Por otro lado, respecto de la relevancia jurídica de la conducta consistente en no identificarse ante el requerimiento de la autoridad, el artículo 36.6 de la mencionada Ley de Protección de la Seguridad Ciudadana establece como infracción grave –sancionada con multa de 601 a 30.000 euros– “la desobediencia o la resistencia a la autoridad o a sus agentes en el ejercicio de sus funciones, cuando no sean constitutivas de delito, así como la negativa a identificarse a requerimiento de la autoridad o de sus agentes”.

Por tanto, del tenor literal del precepto parecería desprenderse que estaríamos ante una mera infracción administrativa.
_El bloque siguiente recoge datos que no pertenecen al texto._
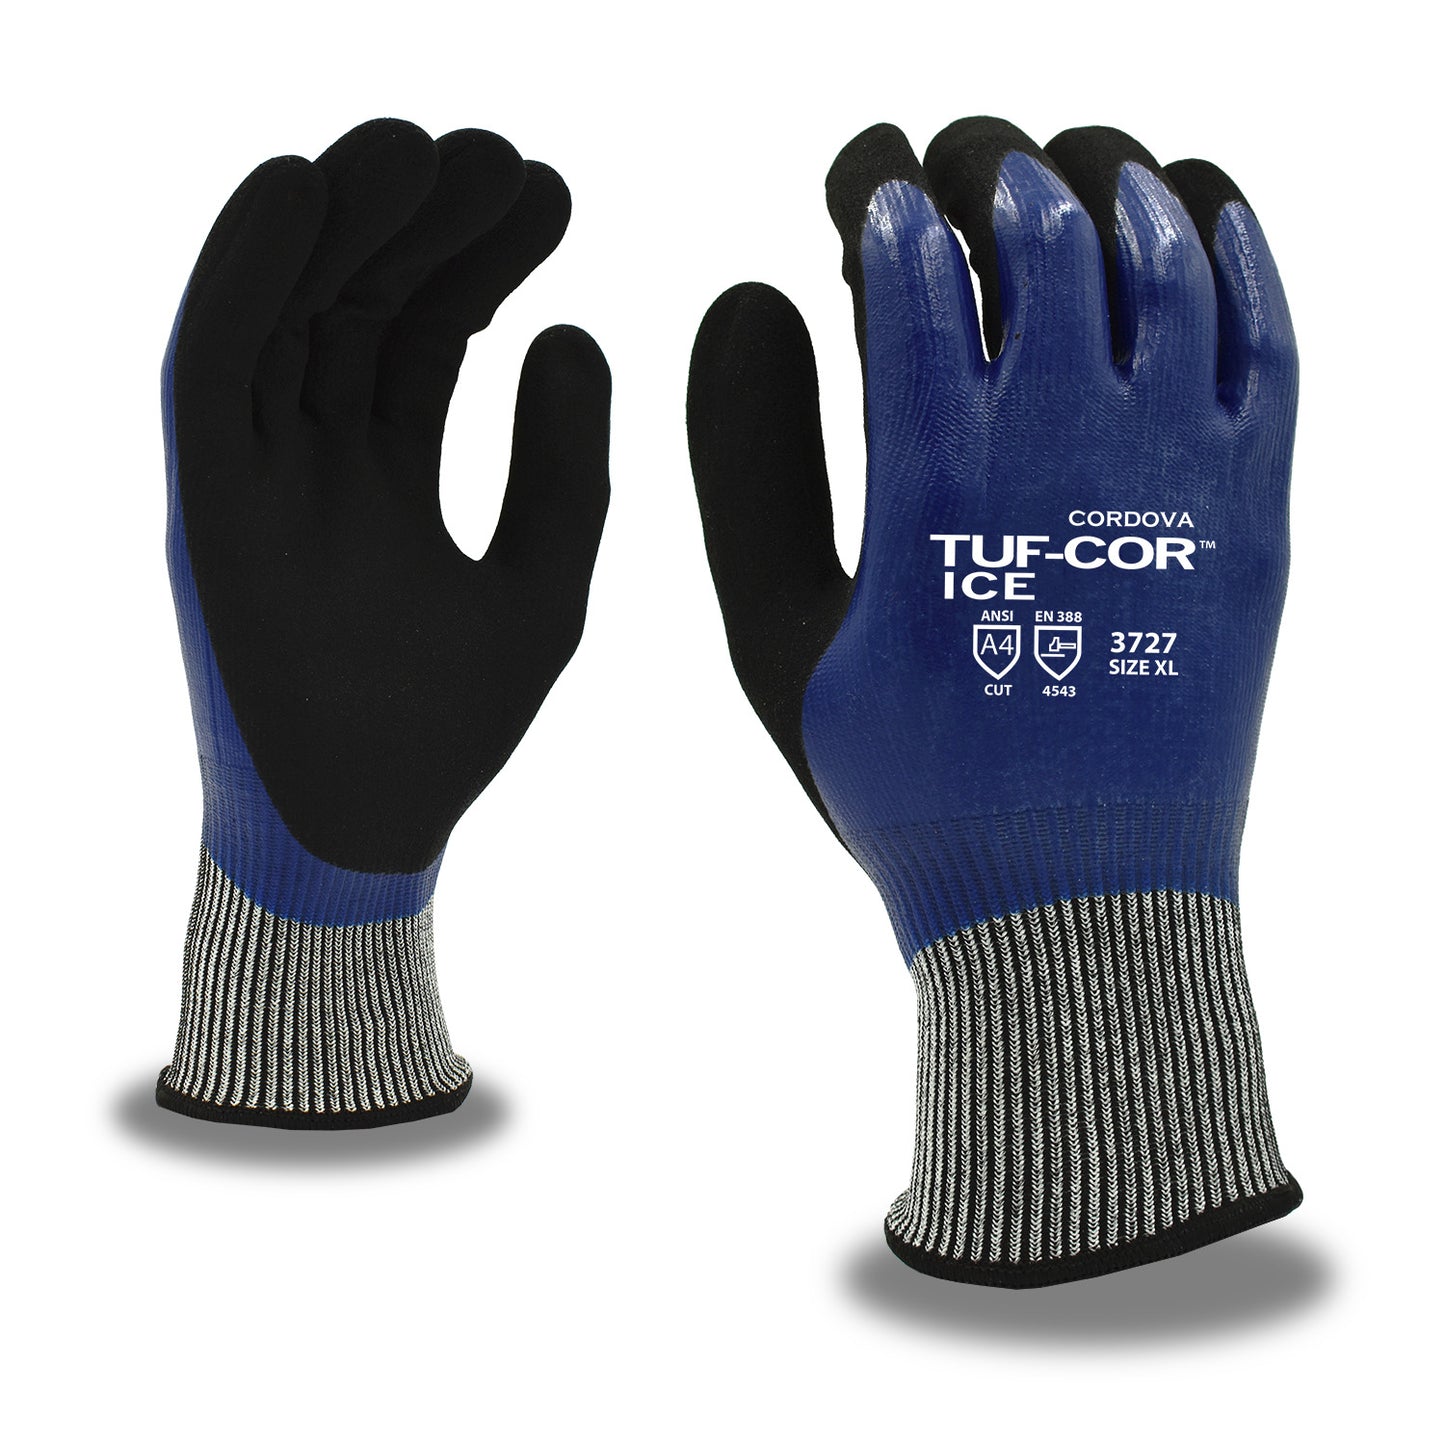 Tuf-Cor Cut-Resistant Ice Gloves, ANSI Cut Level A4

Esta ha sido además la postura adoptada por las Audiencias Provinciales de nuestro país. Puede verse por ejemplo el pronunciamiento de la Audiencia Provincial de Madrid (Sección 17ª) en su Sentencia núm. 365/2015, de 18 de mayo, la cual determinó que “la reiterada negativa a entregar la documentación para su identificación y las expresiones de menosprecio que el acusado profirió a los agentes de la Policía no rebasan la desobediencia para su incardinación en supuestos de los que se pudiese predicar la gravedad, dado que otro tipo de solución agrandaría injustificadamente el ámbito del delito en supuestos de la mera negativa a la identificación y falta de respeto vaciando de contenido falta de desobediencia...”. O, la Sentencia de la Audiencia Provincial de Valencia (Sección 2ª) núm. 367/2017 que estableció que: “(…) la negativa reiterada a la identificación es compatible con una leve desobediencia –también penalmente atípica–”.

En definitiva, estaríamos ante un tipo de desobediencia leve, penalmente irrelevante a día de hoy, y que, como decimos, en ningún caso autorizaría la entrada en la vivienda ajena, debiendo darse para ello alguno de los requisitos establecidos en el artículo 18.2 de nuestra Carta Magna. Ello es especialmente relevante en la medida en que, toda consecuencia probatoria derivada de un registro ilegal, devendrá ineficaz en sede judicial.